Aluminium is a metal that is ubiquitous in our daily lives yet rarely visible to consumers. Lightweight, durable and recyclable, it is indispensable to diverse sectors such as the automotive industry, construction, packaging and energy transition technologies. However, behind this apparent normality lies a fragile global market where even minor disruptions can have significant effects.

Aluminium is widely produced, but only a portion of this production is available on international markets.

China produces more than half of the world’s aluminium. However, it consumes most of it domestically to meet its industrial and infrastructure needs. Export volumes therefore remain limited.

The aluminium circulating globally comes mainly from a limited number of countries: Canada, Norway, Iceland, Russia, Australia, India, Mozambique and countries in the Middle East. The Middle East holds a special position. Although the region produces only 8 to 10% of the world’s aluminium, this is essential because a large portion of this production is intended for export. Thus, the Middle East supplies a significant proportion of the aluminium actually available on the global market.

Europe is heavily dependent on imports.

Aluminium production in Europe has declined sharply in recent years. The sustained rise in electricity prices has led to the closure or shutdown of many smelters.
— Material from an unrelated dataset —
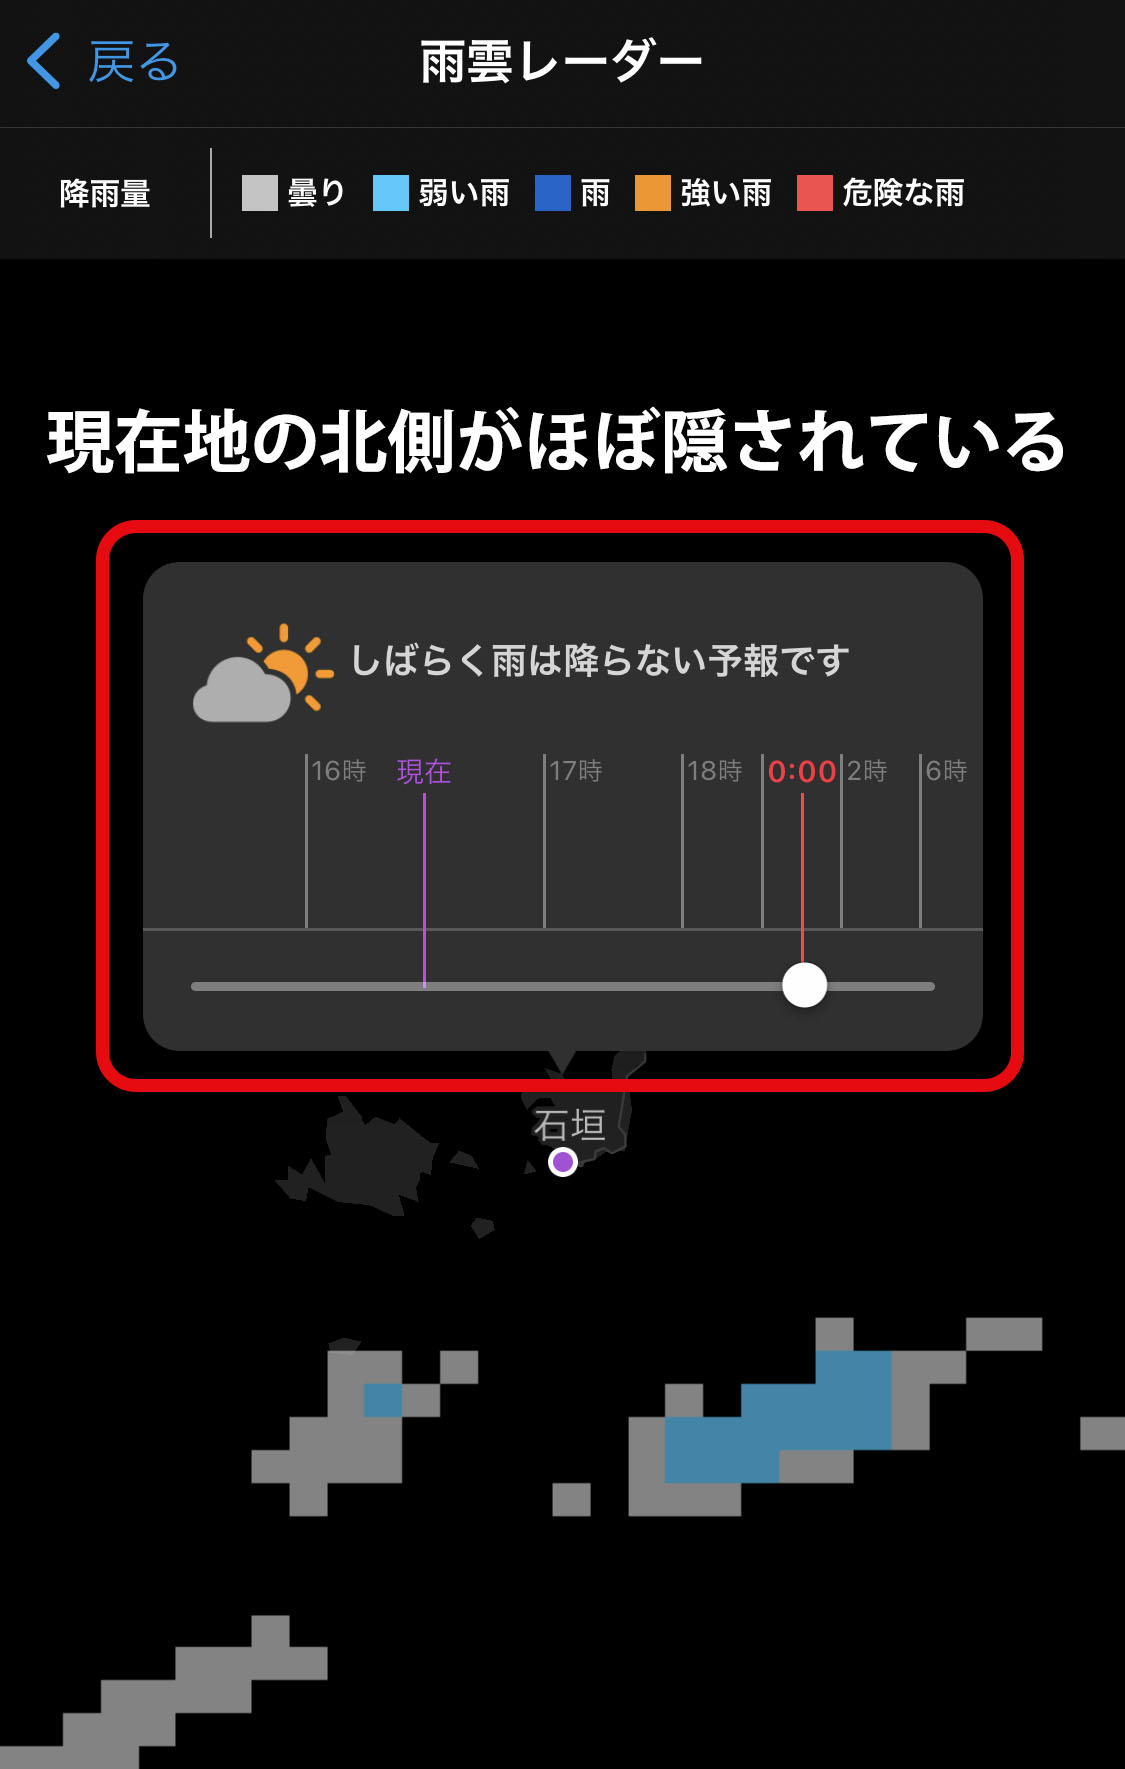 市 レーダー 雨雲 藤沢 天気

Today, the European industry relies heavily on imports to operate. A significant proportion of the aluminium consumed in Europe originates from a few key regions, notably the Middle East, which accounts for around a fifth of European imports, alongside shipments from Norway, Iceland and Canada. This concentration makes Europe particularly vulnerable to any disruption affecting its main suppliers or international logistics routes.

In a market where inventories are relatively limited, the temporary loss of just a few percent of the global supply can quickly cause imbalances.

Why the market reacts quickly

The market reacts quickly because aluminium production is highly energy-intensive and relies on heavy infrastructure that is difficult to replace in the short term. When a key exporting region faces constraints, whether industrial, logistical or geopolitical, the most mobile volumes are affected first.

Supply chains must then be reorganised, with some routes lengthening and lead times and costs rising. Markets quickly factor in these tensions, resulting in higher prices and additional premiums to secure physical metal.

Even when the situation improves, the effects can linger. Restarting a smelter or restoring trade flows takes time, which puts pressure on the market.

An invisible yet central metal

Aluminium is an invisible yet central metal found in car bodies, cans, windows, building facades, electrical cables, wind turbines, and solar panels. It is one of the key materials of the energy transition because it combines lightness, strength and recyclability.

The end consumer almost never directly perceives the metal. However, prolonged market tension can result in higher prices for goods or increased construction and equipment costs with a certain time lag.

The key role of traders

Aluminium traders play a key role in connecting producers and industrial users. Their mission is to maintain the continuity of supply flows, even when conditions become more constrained.

They reroute shipments, mobilise available stock, identify alternative sources and adjust contracts to ensure supply to the most vulnerable customers. They also use financial markets to manage price volatility and absorb some of the shocks.

Thanks to this discreet yet essential work, downstream industries can generally continue to operate, even during periods of market tension.